Et nous ne pouvons pas laisser derrière ceux qui pour des raisons secrètes de leur cœur et de leurs blessures, n'ont pas suivi le chemin que nous avons suivi. Nous sommes là pour eux, et nous sommes là pour eux pour que nous qui sommes des "gentils, des sages, les tranquilles" de l'évangile, nous sommes là au nom de ceux qui ne sont pas tranquilles et pas sages et ont besoin de se heurter à Dieu, à cette force qui traverse, transcende et est invincible devant la mort et la souffrance. Lorsque le soir du Jeudi Saint, dans la nuit, et dans la prière nous convoquerons tous ceux qui dans cette nuit sont loin de Dieu ou éloignés de Dieu, nous les appellerons comme un appel d'air, par la prière pour que Dieu leur ouvre et leur offre sa réconciliation, nous sommes là pour en être les porte-parole, les envoyés, vers eux vis-à-vis de Dieu et d'eux vis-à-vis de Dieu.
A la fin de l'évangile, "les disciples l'abandonnèrent et prirent la fuite". Qui faut-il condamner ? Judas, ou ceux qui par lâcheté n'ont même pas osé l'approcher de plus près ? Et puis, pour terminer, j'ai peur pour ma part, pour notre part, que la lecture que nous ayons de la Passion que nous entendrons, que nous suivrons, que nous connaissons, ne nous donne l'envie de penser que Dieu est faible, que finalement, il y a une sorte de trop grande douceur, une trop grande tendresse qui nous ferait penser qu'Il ne tient pas dans le combat qu'il a à mener pour Lui et pour nous. Or ce combat est intense, et nous avons besoin de relire dans la Passion qu'Il le mène de toute la hauteur de sa divinité à l'intérieur de son humanité.
J'ai besoin de le relire, j'ai besoin de m'y confronter, pas seulement besoin de suivre comme cela, mais j'ai besoin d'entendre, de voir cette majesté en filigrane derrière le Fils.

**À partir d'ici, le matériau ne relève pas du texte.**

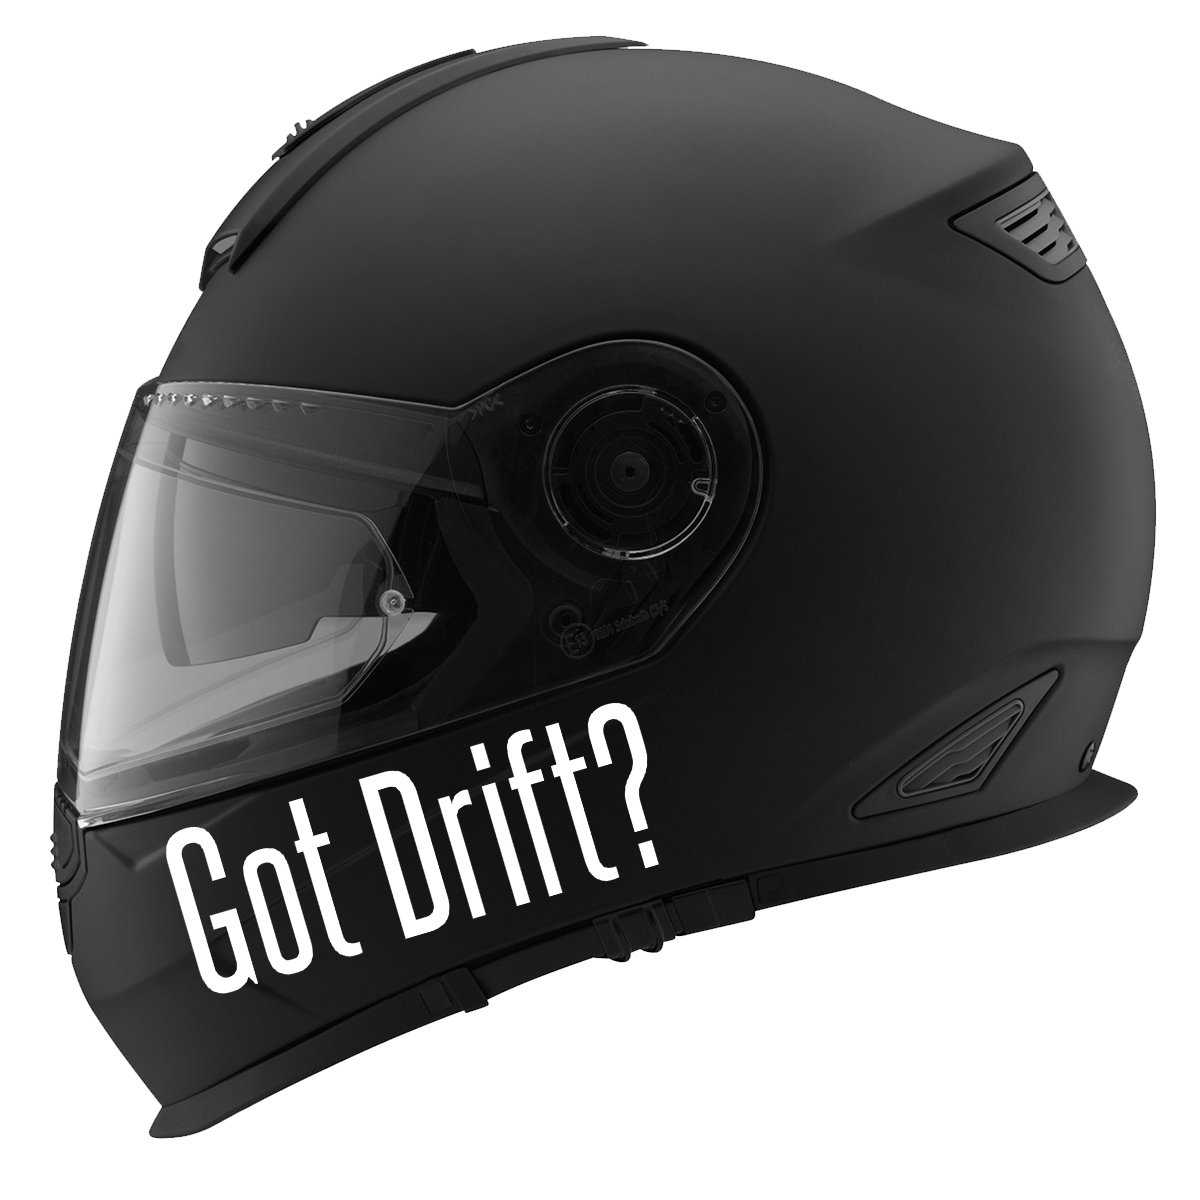 Got Drift 5 White Decal Serpent Auto Car Racing Motorcycle Helmet Decal
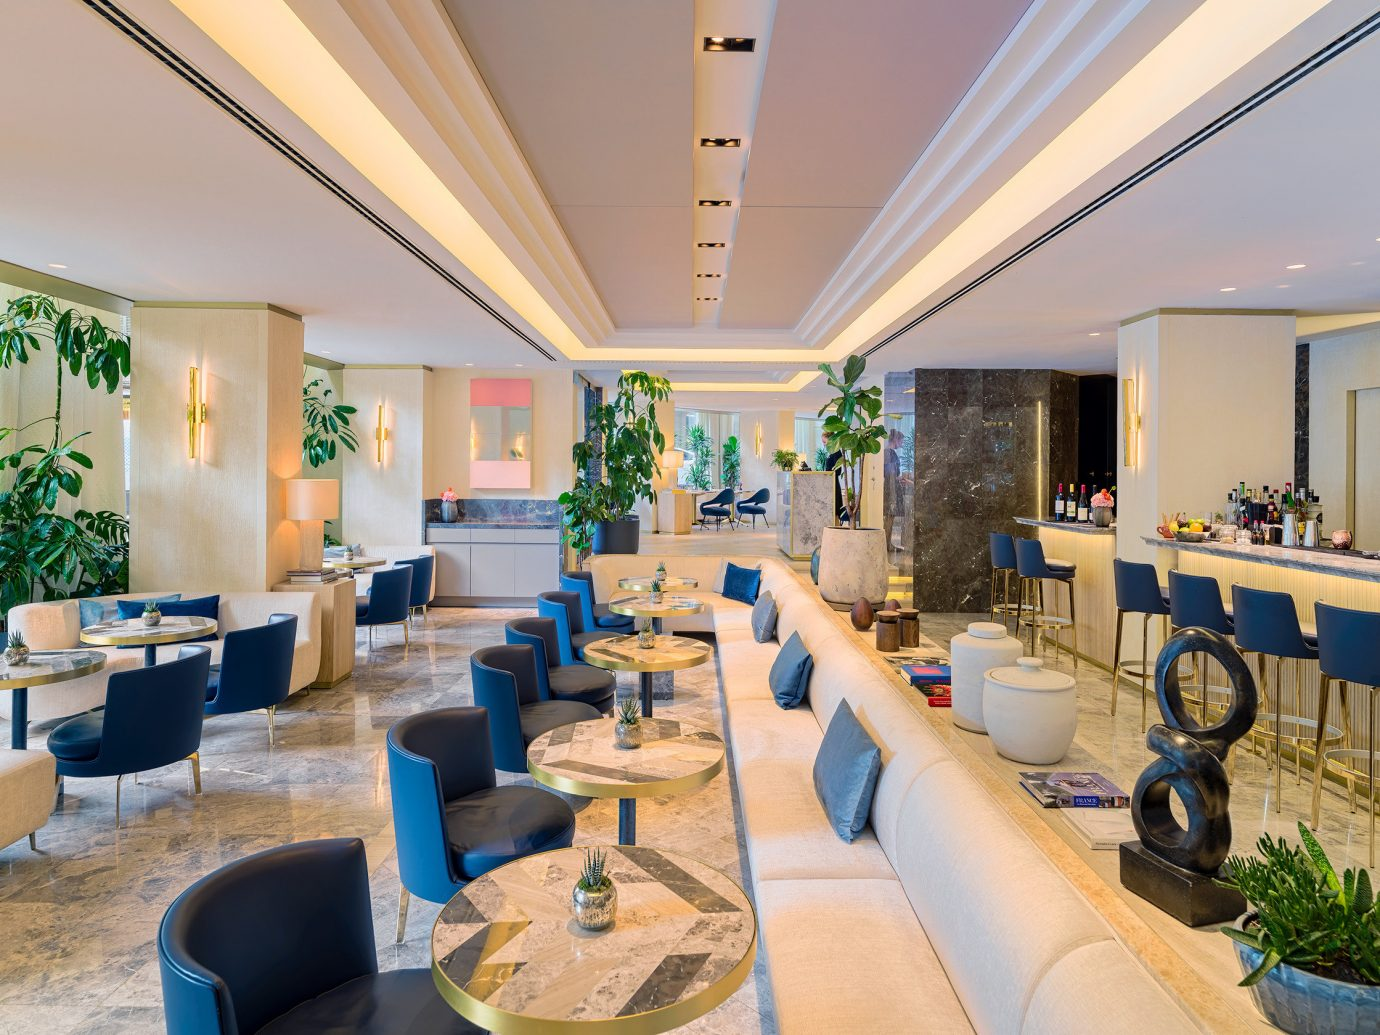 Barcelona Hotels Spain indoor Living floor window room furniture ceiling interior design Lobby restaurant decorated area

Et je vais l'appeler d'un mot : il est là, c'est présent dans ce texte et ce sera présent plus tard, il est là très droit, très digne, très grand, comme on dit. C'est Lui qui mène la danse, Il a reçu le baiser de Judas, il fait rengainer l'épée de celui qui a frappé le serviteur, Il évoque son Père, et les éventuelles douze légions qu'il aurait pu appeler. Il est l'Agneau, Il est le Roi. Et c'est ce que j'appelle l'honneur de Dieu. L'honneur n'est jamais atteint, ce qui fait sa grandeur, sa hauteur, sa force, c'est ce qui m'invite à l'adoration, c'est ce qui pousse mon cœur résistant et réticent à la réconciliation à laquelle Il nous appelle ce soir.